Selama 32 tahun pemerintahan Presiden Soeharto, Tahun Baru Imlek di Indonesia hampir 'mati' dan hanya dipertahankan secara rahasia.
Pemerintah juga memaksa orang-orang keturunan Tionghoa di Indonesia untuk mengubah nama mereka menjadi nama Jawa.
Upaya ini merupakan bagian dari rencana Presiden Soeharto untuk mengasimilasi orang Indonesia Tionghoa ke dalam budaya asli.
Presiden Habibie dalam masa jabatannya yang singkat menerbitkan Inpres Nomor 26 Tahun 1998 yang membatalkan aturan-aturan diskriminatif terhadap komunitas Tionghoa.
Inpres tersebut salah satunya berisi tentang penghentian penggunaan istilah pribumi dan nonpribumi dalam penyelenggaraan pemerintahan.

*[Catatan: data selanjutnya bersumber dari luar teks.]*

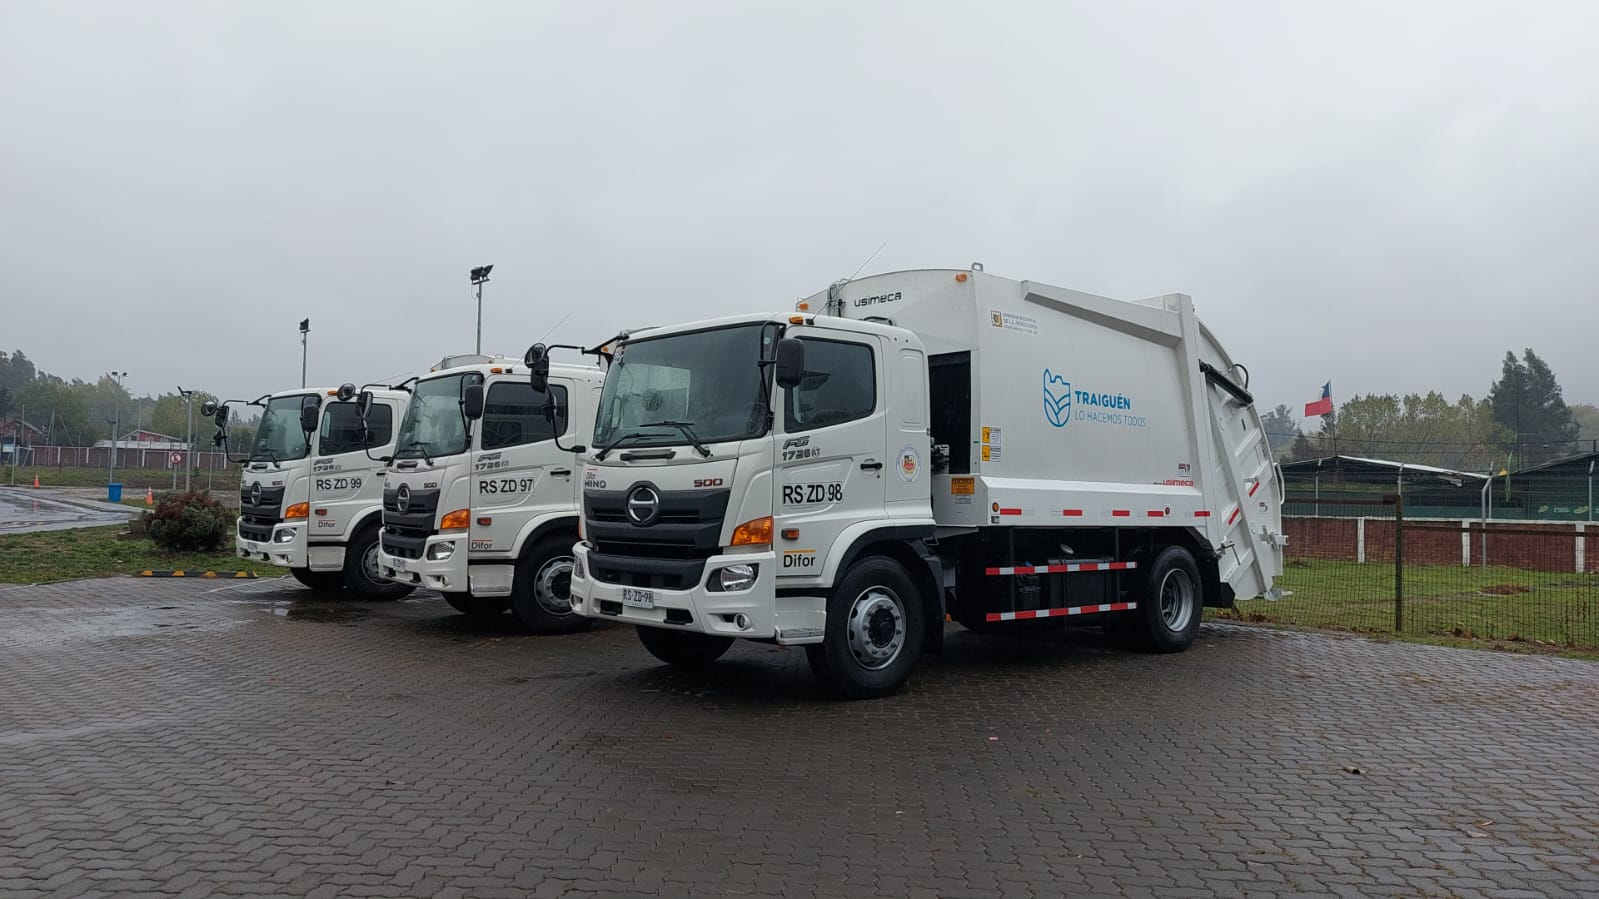  Gobernador regional de La Araucanía entrega camiones recolectores de residuos sólidos al municipio de Traiguén 

Pada tahun 2000, Presiden Indonesia keempat Abdurrahman Wahid mengeluarkan peraturan yang menetapkan bahwa Tionghoa, Tionghoa Indonesia, dan Indonesia bebas merayakan Tahun Baru Imlek sesuai dengan adat istiadat.
Pada tahun 2002, Presiden Megawati memutuskan untuk mengakui Tahun Baru Imlek sebagai salah satu hari libur nasional terpenting di Indonesia.
Menurut Megawati, perayaan Imlek menunjukkan bahwa bangsa sepuluh ribu pulau adalah negara yang menjunjung tinggi kebebasan beragama dan berkeyakinan.
Saat ini, di awal Tahun Baru Imlek, masyarakat Indonesia, Tionghoa, dan Indonesia keturunan Tionghoa bergembira merayakan festival Tahun Baru Imlek, terutama di kota Solo.